The conduct of a hearing of an appeal against a penalty determination is much the same as the conduct of a hearing of an appeal against an assessment etc except that the onus of proof in an appeal hearing (see AH1320) in respect of a penalty determination rests on HMRC. Section 100B(2) TMA 1970 specifically excludes the statutory onus of proof (Sections 50(6) to 50(8)) from applying to appeals against penalties.
When you make a penalty determination you are asserting that an offence has been committed. In the case of a penalty relating to a failure to do something you must adduce evidence of the alleged failure. The appellant can either introduce evidence to rebut it or offer their 'reasonable excuse'. The evidential burden (see AH1325) is likely to be significant in all 'failure' penalty cases, especially when the penalty is charged for failure to comply with an obligation such as not making a return by a specified date.

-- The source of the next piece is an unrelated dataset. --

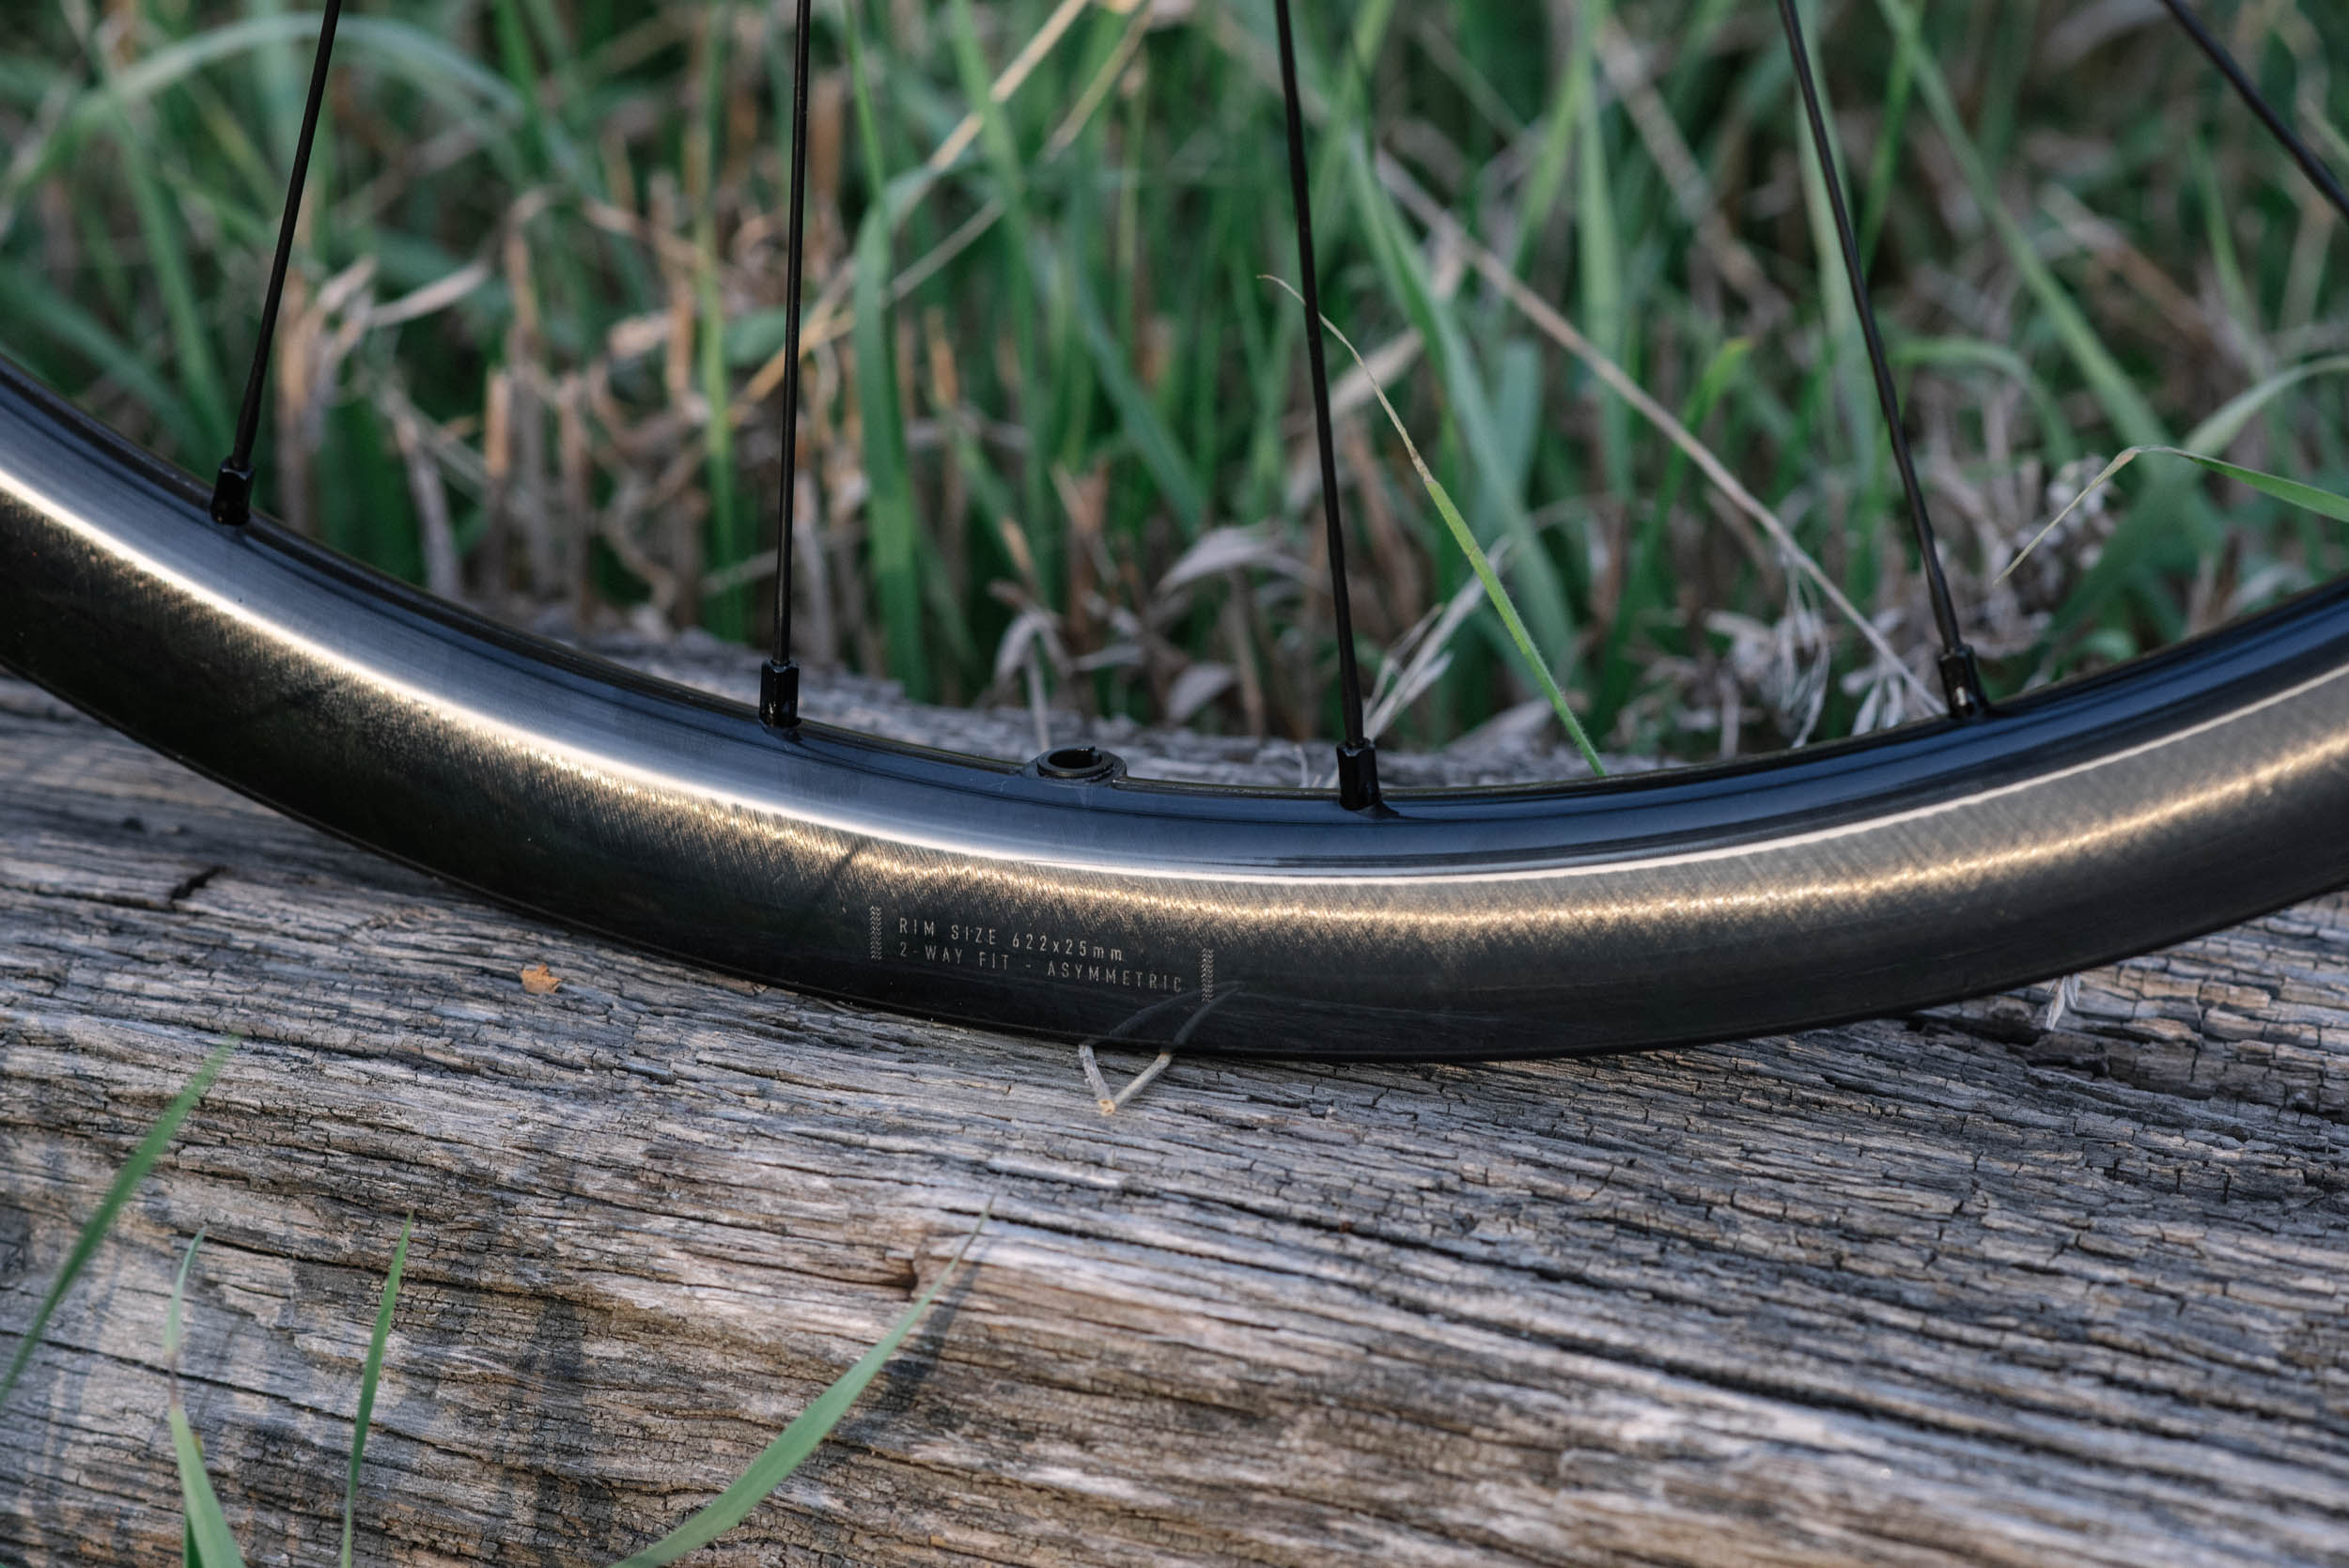 New Campagnolo Levante Wheels: Ride (Gravel) Like the Wind

Appeals against penalty determinations are civil proceedings (R v Special Commissioners, ex parte Martin, 48 TC at page 8A-B) so the standard of proof is "on the balance of probabilities" and not the (higher) criminal standard of "beyond reasonable doubt". The more serious the accusation the higher the standard of proof must be. Commissioners can be expected to treat as very serious any allegation by HMRC that a taxpayer’s conduct has rendered him liable to a penalty and will expect therefore that there should be strong evidence to substantiate the allegation before they are willing to accept that it has been proved.
In presenting your case to the Commissioners you should make a logical analysis of the constituent elements of the offence and provide separate proof of each of them. See AH0735 regarding the use of documentary evidence.
For a tax-geared penalty, TMA70/S101 establishes that an assessment which can no longer be varied by any Commissioners on appeal or by order of any court is sufficient evidence, for the purposes of penalty action, that the amounts in respect of which tax is charged in the assessment arose, or were received, as stated in the assessment.
General Commissioners will not normally wish to enquire too closely into the basis on which assessment figures have been calculated if their attention is drawn to Section 101, but it should be noted that the section speaks of "sufficient" evidence and not "conclusive" evidence.
In technical/evidential terms, the effect of Section 101 is to create a rebuttable presumption concerning the quantum of the taxpayer's taxable income and chargeable gains (although the onus of rebutting the presumption is not easily discharged). Although the taxpayer cannot re- argue the quantum of the assessments at the penalty hearing, the Commissioners would nevertheless be entitled in an appropriate (though rare) case to consider evidence that the assessments may be excessive and to reduce the amount of the penalty on that ground (see the further mitigation allowed by Scott, J, in very unusual circumstances, in Willey v East Dereham Commissioners, 59 TC 640 at 649E-F).
Even if the figures have been agreed with the taxpayer, or his agent, you should be well briefed as to the basis on which the assessments were calculated in case, exceptionally, any such question should arise.